- Born: 2 October 1965 Sathyamangalam, Erode, Tamil Nadu, India
- Died: 19 February 2023 (aged 57) Chennai, Tamil Nadu, India
- Occupations: Actor; comedian; TV host;
- Years active: 1984–2023
- Spouse: Shantha
- Children: 2, including Yuvan
- Relatives: K. Pitchandi (co-father-in-law)

= Mayilsamy =

Indian actor and comedian (1965–2023)

Mayilsamy (2 October 1965 – 19 February 2023) was an Indian actor and comedian who primarily played supporting roles.

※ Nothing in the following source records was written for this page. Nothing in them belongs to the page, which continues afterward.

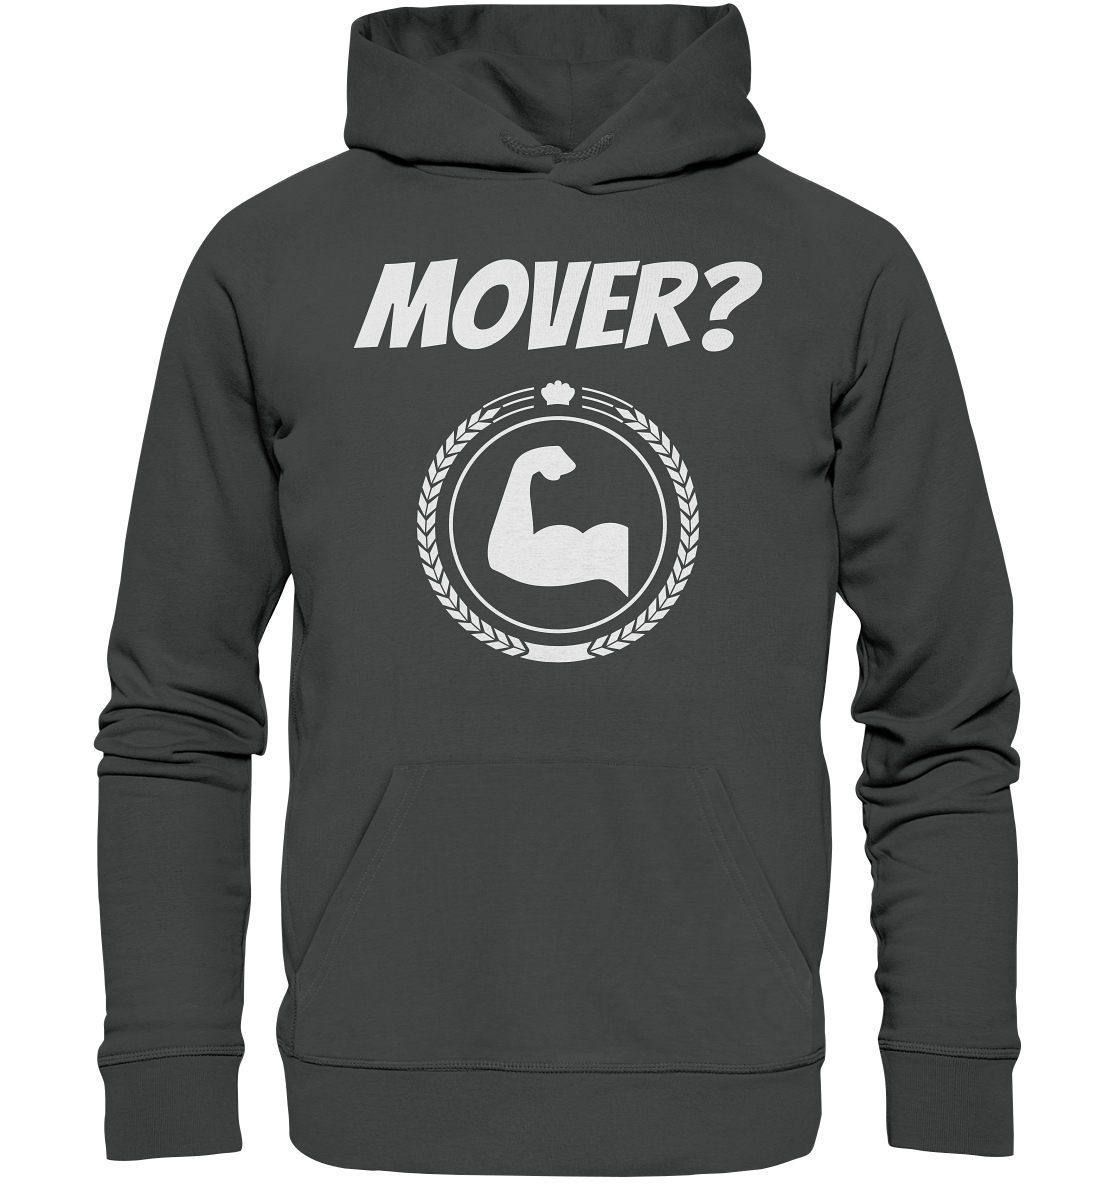 Mover? - Organic Basic Hoodie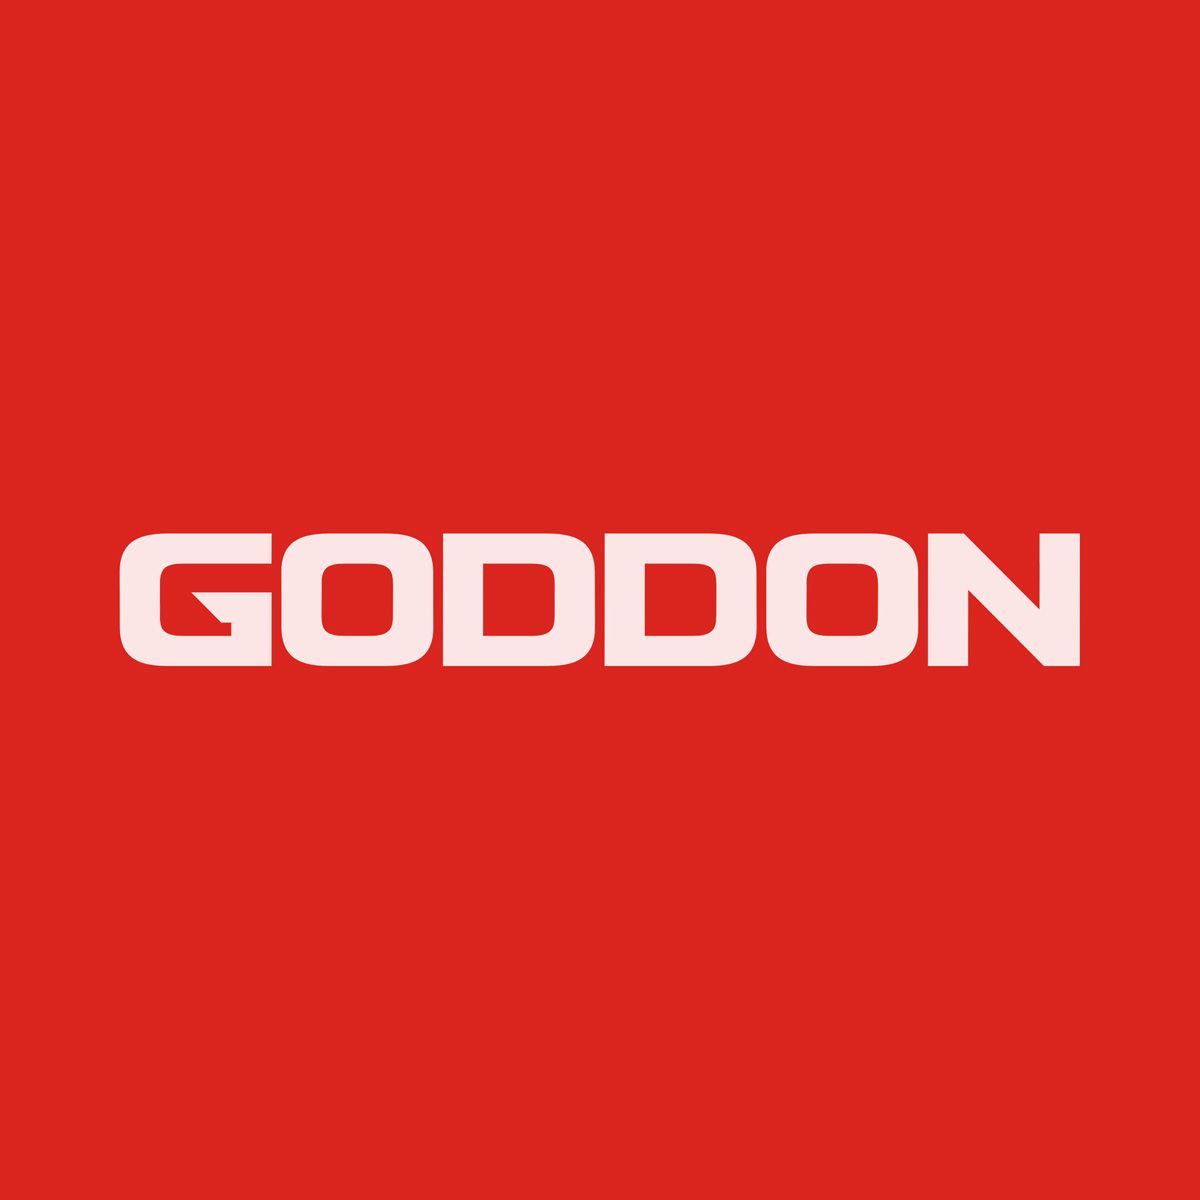 Yiwu Goddon Vision Technology Co., Ltd. logo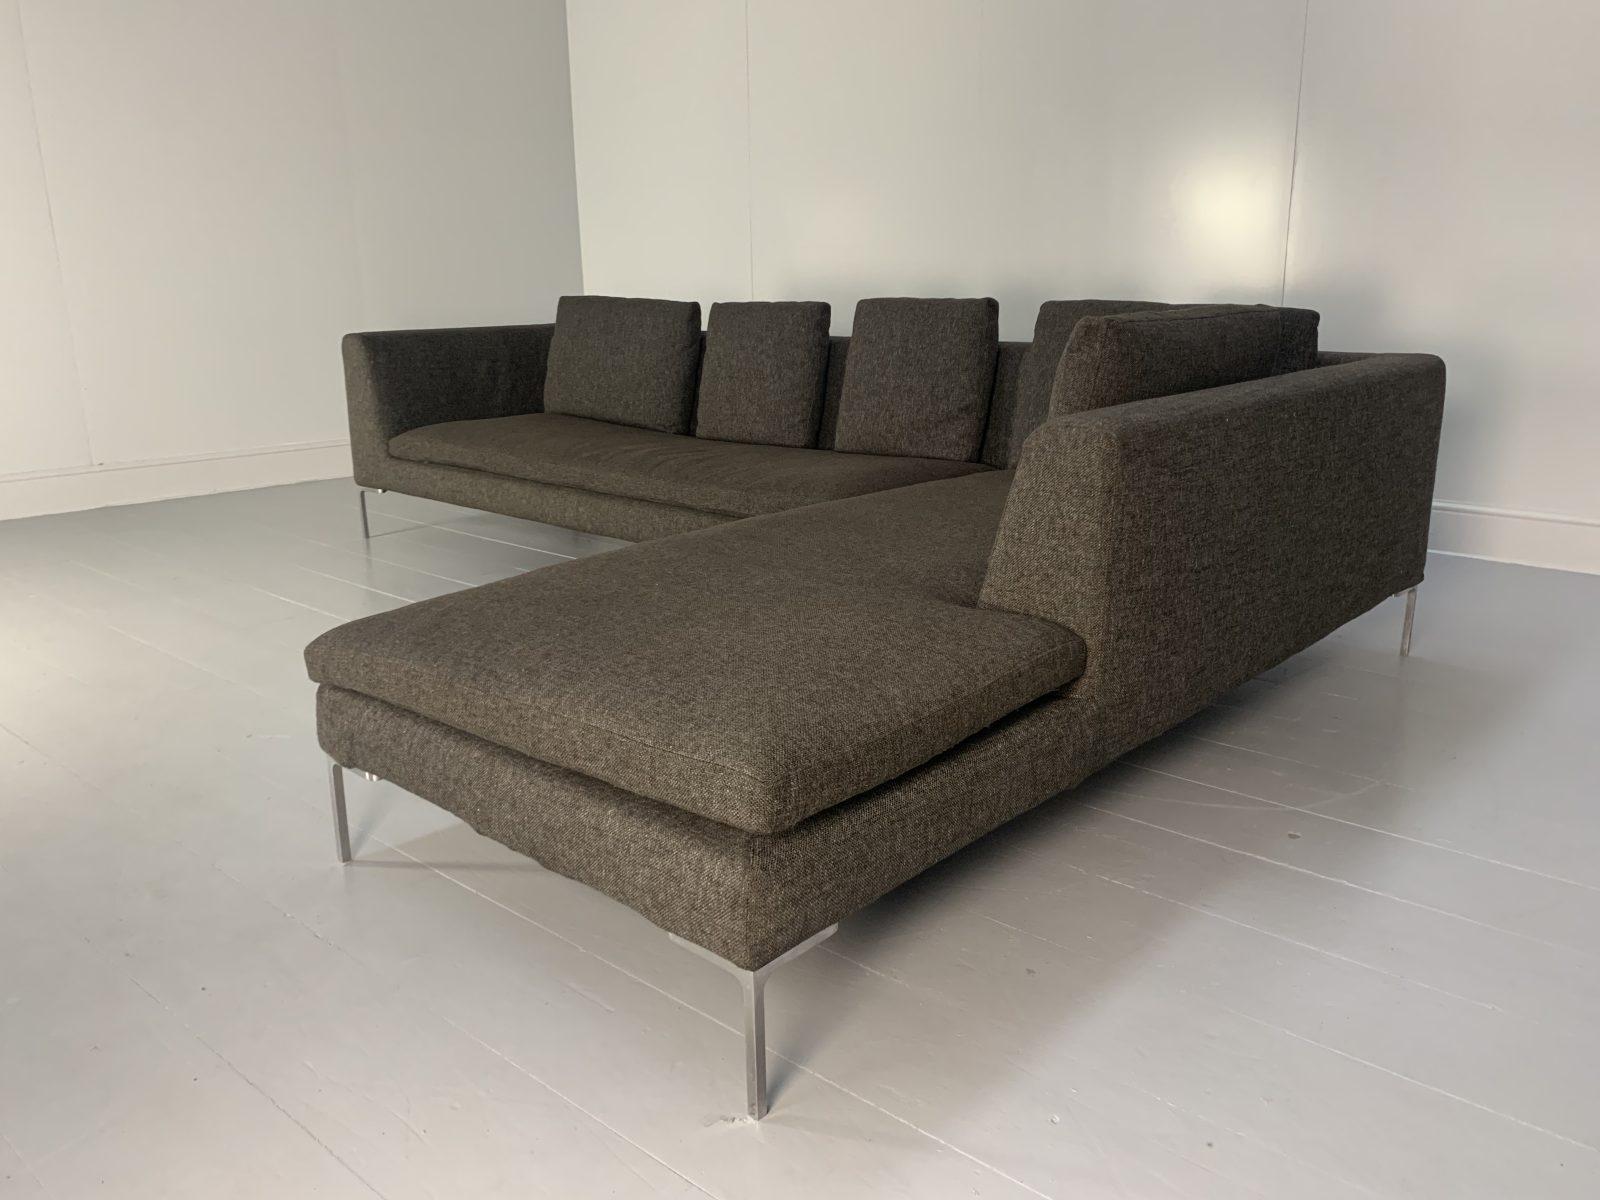 B&B Italia “Charles” L-Shape Sofa, in Dark Grey & Brown Fabric In Good Condition For Sale In Barrowford, GB

Appearing in many Tamil films, he was also a regular guest judge for Asathapovathu Yaaru on Sun TV in Chennai. He was well known for his comedy tracks in movies collaborating with veteran comedians Vivek and Vadivelu. He featured in excess of 200 films in a career spanning nearly four decades.

He was renowned for his mimicry skills and soon became a household name in Tamil Nadu through the television hit show Comedy Time. He was also actively involved in debates and was highly regarded for his speech skills, and won the Tamil Nadu State Film Award for Best Comedian for his performance in Kangalal Kaidhu Sei.

==Career==
Mayilsamy was involved in various stage performances and in theatres from his early childhood days. He performed and travelled across Tamil Nadu with a local famous comedy troupe.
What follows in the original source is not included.